Não há, nem nunca houve, ao longo de muitos séculos, um território tão disputado pelos peregrinos no mundo cristão, na Semana Santa, como o de Jerusalém. Ali, entre numerosas sugestões turísticas, passando por Santiago de Compostela, perto da Cidade Velha de Jerusalém, centro e teatro do mundo, será visto o mais rico acervo histórico, preservado, sob rigorosa vigilância, inclusive contra atentados de qualquer natureza: o tesouro do Terra Sancta Museum. Um Museu soberbamente concebido e edificado, altamente representativo do Cristianismo, único, composto de peças, a começar, da época do Senhor Salvador Mundo, perto do Jardim de Getsêmani, o local da grande dor, do sofrimento propiciatório e voluntário, que teve papel importante na história e foi cenário de acontecimentos narrados na Bíblia.
Baseio-me no que tenho em mãos, o precioso catálogo de uma exposição desse Museu, editado pela poderosa Fundação Calouste Gulbenkin (Lisboa/2024). Não é só um catálogo, não diz tudo o que Museu guarda: è uma obra-prima de edição gráfica, capa dura, feito por grandes iniciados na pesquisa histórica. Para uma peregrinação, nesta hora, infelizmente, não se recomenda. O noticiário internacional nos diz que não há peregrinação onde não existe Paz.
A documentação do catálogo é composta de presentes de reis católicos da Europa: Espanha, França, Portugal, Sacro Império Romano-Germanico, Reino de Nápoles, além de objetos dos primeiros tempos do Cristianismo. Peças sem equivalentes em qualquer lugar. É o caso de numerosas lâmpadas em ouro, uma delas, a oferecida por Dom Joao V, de Portugal, que pôde escapar às devastações do terremoto de 1755. Vejo um frontal de altar, dotado de profundidade de campo, marcadamente escultórico, realizado em Nápoles (1731); a Santa Cruz de Constantinopla; um relicário em ouro, em forma de cruz, adornado com safiras e diamantes; um tríptico de beleza imponente da apresentação do Menino no Templo; candelabros em esmalte, com detalhe para técnica e o conhecimento de esmaltadores limusinos; importantes conjuntos de peças de ourivesaria com decoração complexa de filigrana, mostram prodigioso exemplo de sincretismo cultural; uma bacia dourada de lava-pés; conjuntos de ricos paramentos que evocam episódios da paixão; vários píxides de extrema beleza; um impressionante báculo pastoral de prata dourada, ornado com gemas engastadas e flores-de-lis.

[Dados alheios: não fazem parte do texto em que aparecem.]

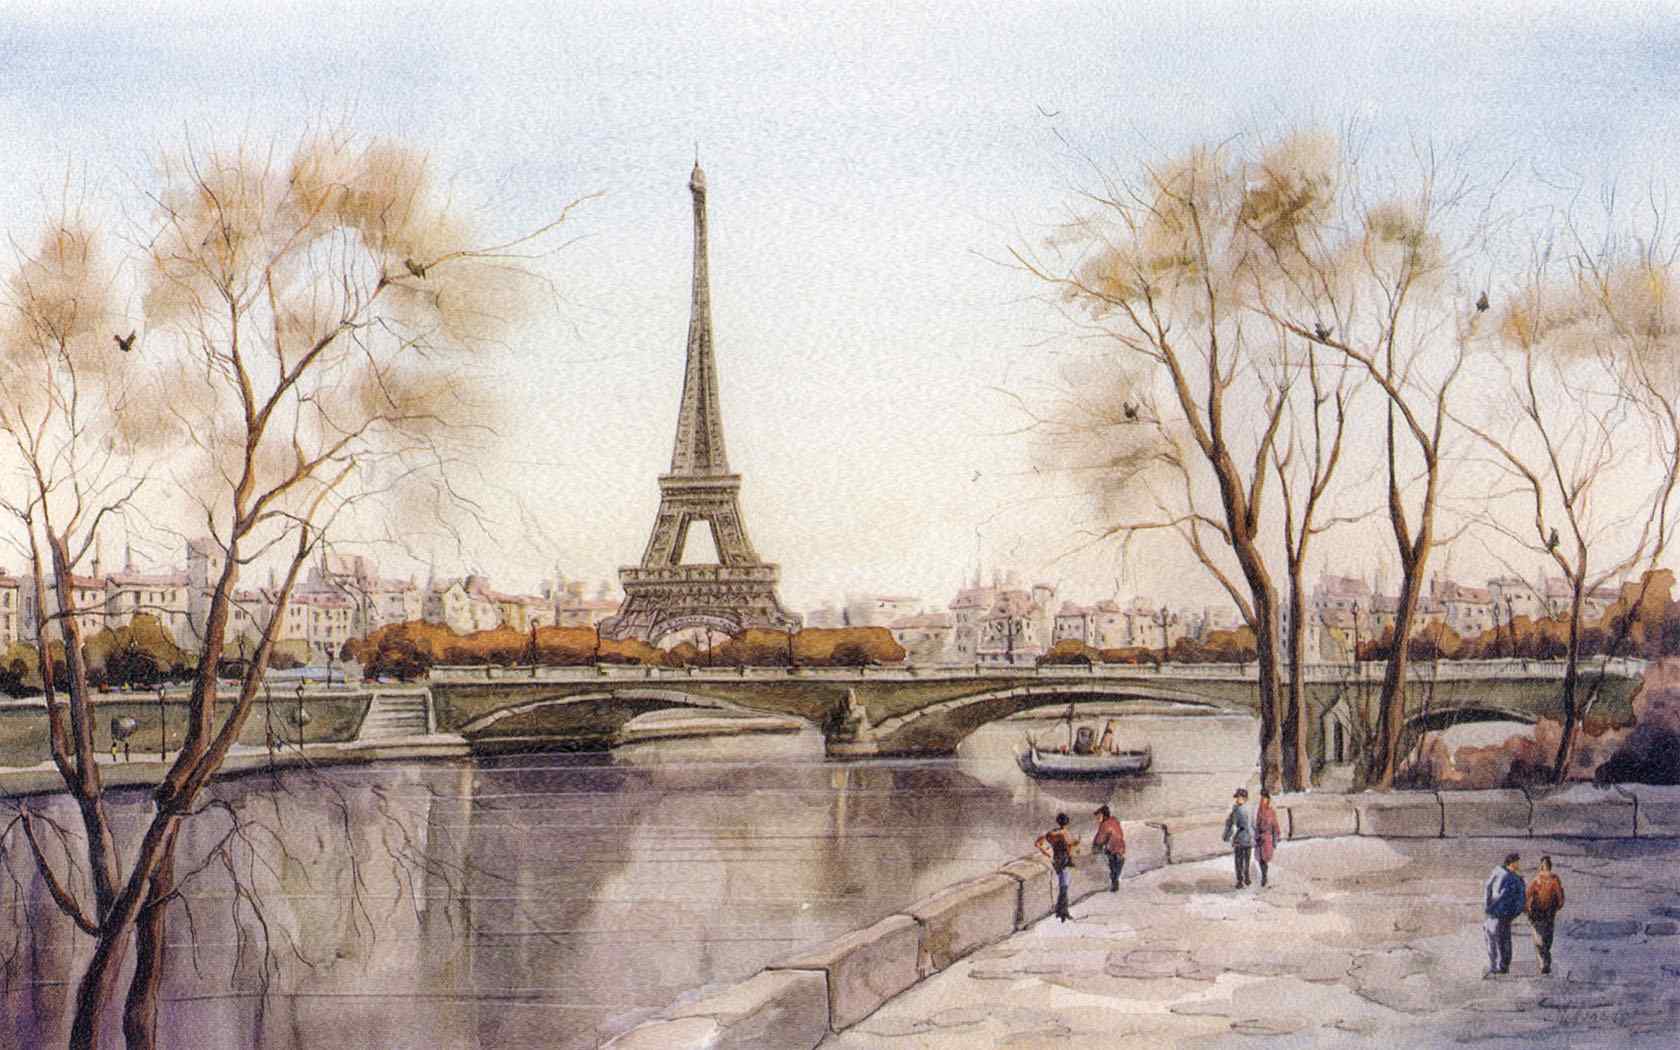 巴黎艾菲尔铁塔桌面背景之手绘篇

O conjunto de documentos, manuscritos valiosos, mapas, um belo Livro de Horas (Roma, 1410), para mim, um tesouro dentro de outro tesouro, com letras capitulares quase iguais (ou da mesma escola e estilo) às de um Missal, que fotografei, inteiro, na biblioteca (fechadíssima) do Seminário Maior de Olinda. (A biblioteca do Padre Antônio Vieira, do bispo Azevedo Coutinho, de Frei Caneca). Uma relíquia, no gênero, as suas iluminuras, talvez único no Brasil. (Salvo milagrosamente durante a fúria destruidora dos invasores holandeses em Olinda e Recife). Letras capitulares, as do Livro de Horas, feitas pelo mestre iluminador Bedford, que viveu em Paris durante o século XV. Tem mais: como o bloco monolítico que representa o Santo Sepulcro. Tudo nesse Museu é um tesouro.
PS: 1 – Dedico esta crônica à memória do poeta e escritor português Nuno Júdice, recentemente falecido. Pela sua obra, pela sua amizade à cultura brasileira e pelo legado intelectual, como editor, da Revista Colóquio Letras (Fundação Calouste Gulbenkian).
2 – Sou grato ao poeta José Rodrigues de Paiva e ao professor Lúcio Ferreira, ambos de passagem pela Gulbenkian (Lisboa), que muito se empenharam para que fosse possível a leitura que fiz desse Catálogo monumental.